Leelo longed for those early days, before Tate was born and her father was dead, before Aunt Ketty’s meanness crystallized into amber, when she and Sage were two girls in pigtail braids with no cares in the world.

She couldn’t do any of that, but she had nowhere else to go.

As she approached her cottage, Leelo felt a moment’s relief. It looked peaceful and safe amid the greenery of late spring. Her mother had planted red geraniums in the window boxes, their color bright and cheerful against the blue-and-white trim. She pulled off her leather boots and left them by the front door, relieved that only Mama’s were there. Ketty must be with the sheep.

Inside, Leelo found her mother sitting near the fire. Normally, they wouldn’t heat the house at this time of year, but she was always chilled lately.

“Ketty?” Fiona called when she heard the door open. “Oh, it’s you, dear.” Worry flickered across her brow. “Did something happen on duty?”

Leelo desperately wanted to tell her mother everything. She of all people would understand why Leelo had been unable to kill the outsider.

But she also knew she would be making her mother complicit if she told her about the young man, and whatever happened from this moment, she wouldn’t let her take any of the blame.

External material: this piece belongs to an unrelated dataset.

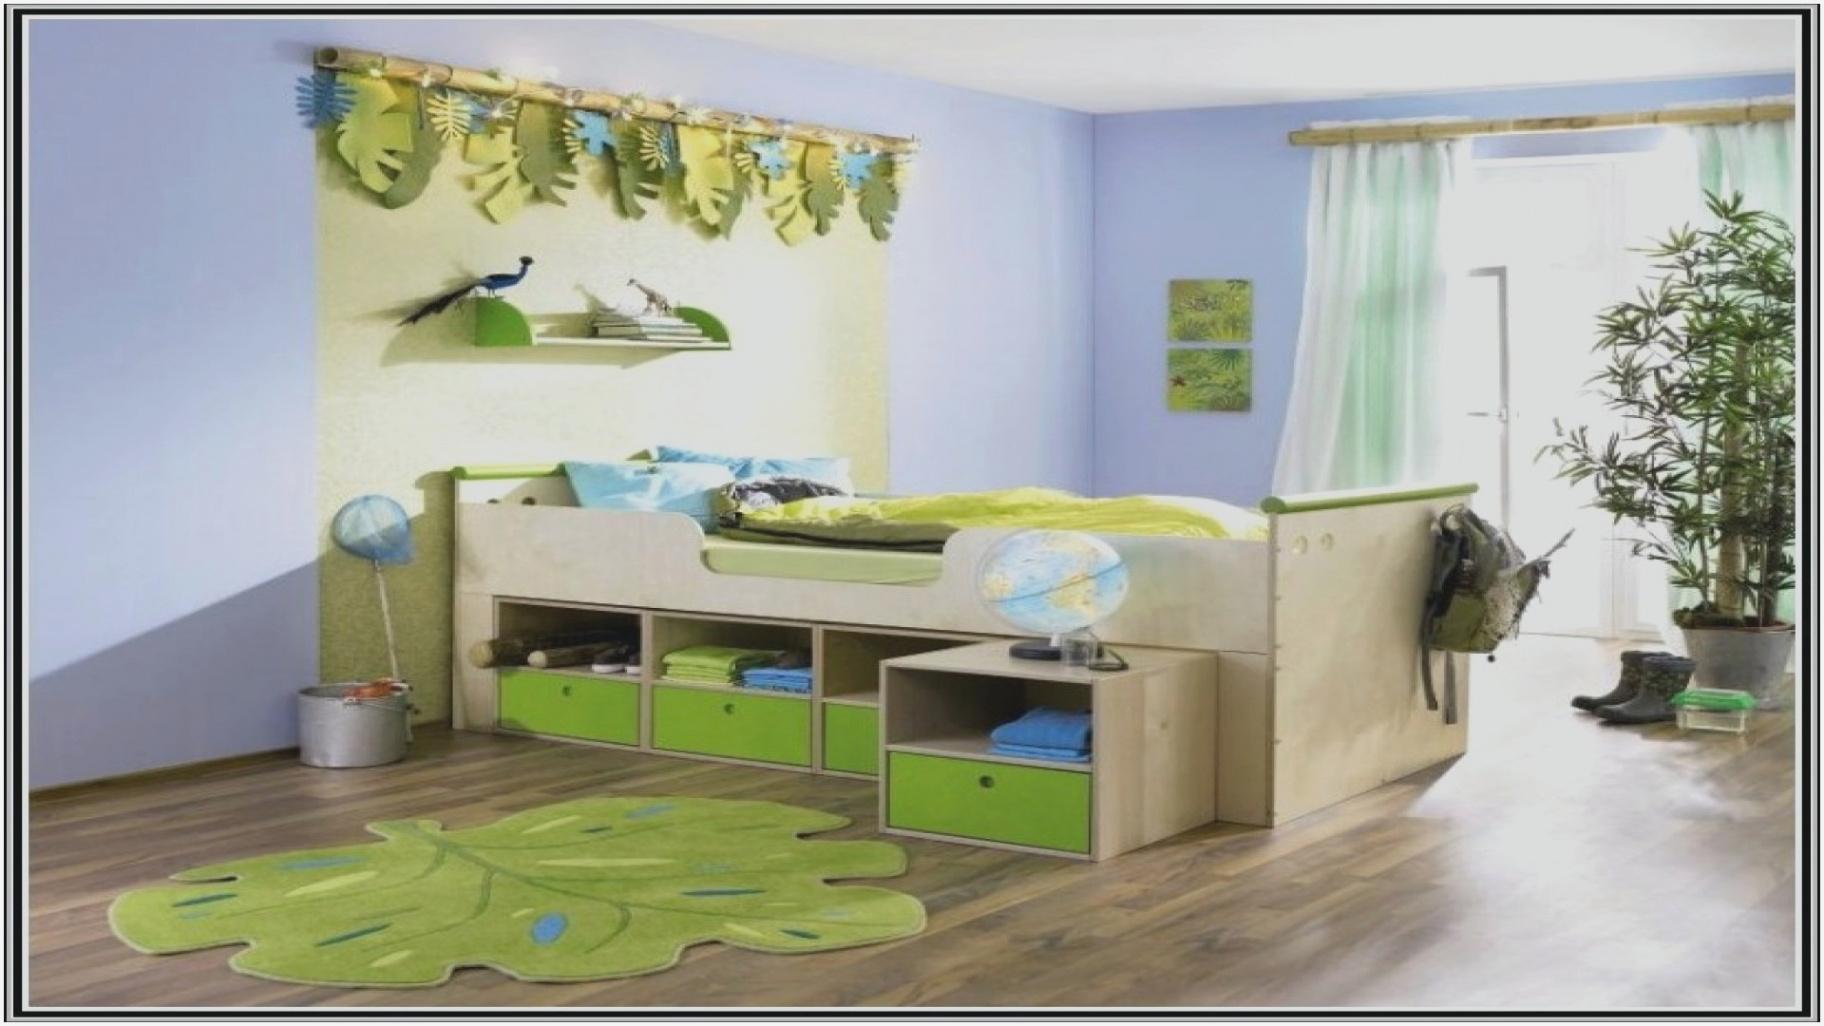 Full Size of Wandschablonen Kinderzimmer Schablonen Fr Wandgestaltung Regale Regal Weiß Sofa Kinderzimmer Wandschablonen Kinderzimmer

Leelo wasn’t sure Mama’s heart could take it, and she couldn’t bear the thought of being shunned like Isola.

“I never made it to my Watch this morning,” Leelo said instead. “I missed Tate too much. I went into the woods, to be alone.”

If Fiona didn’t accept the lie, no one would, but she nodded and smiled gently. “I understand. Your aunt and Sage were already out when I came downstairs, but I suppose they noticed your absence.”

Leelo twisted her braid between her fingers. “Do you think I’ll be punished? I know it’s terrible to miss my Watch.”

Fiona patted the arm of her chair, inviting Leelo to sit. She wrapped her arms around Leelo’s waist and kissed her shoulder. “We’ll tell them I couldn’t sleep last night and I sent you out early this morning for some foxglove on the far side of the island. Ketty will still be angry, but she’ll forgive us.”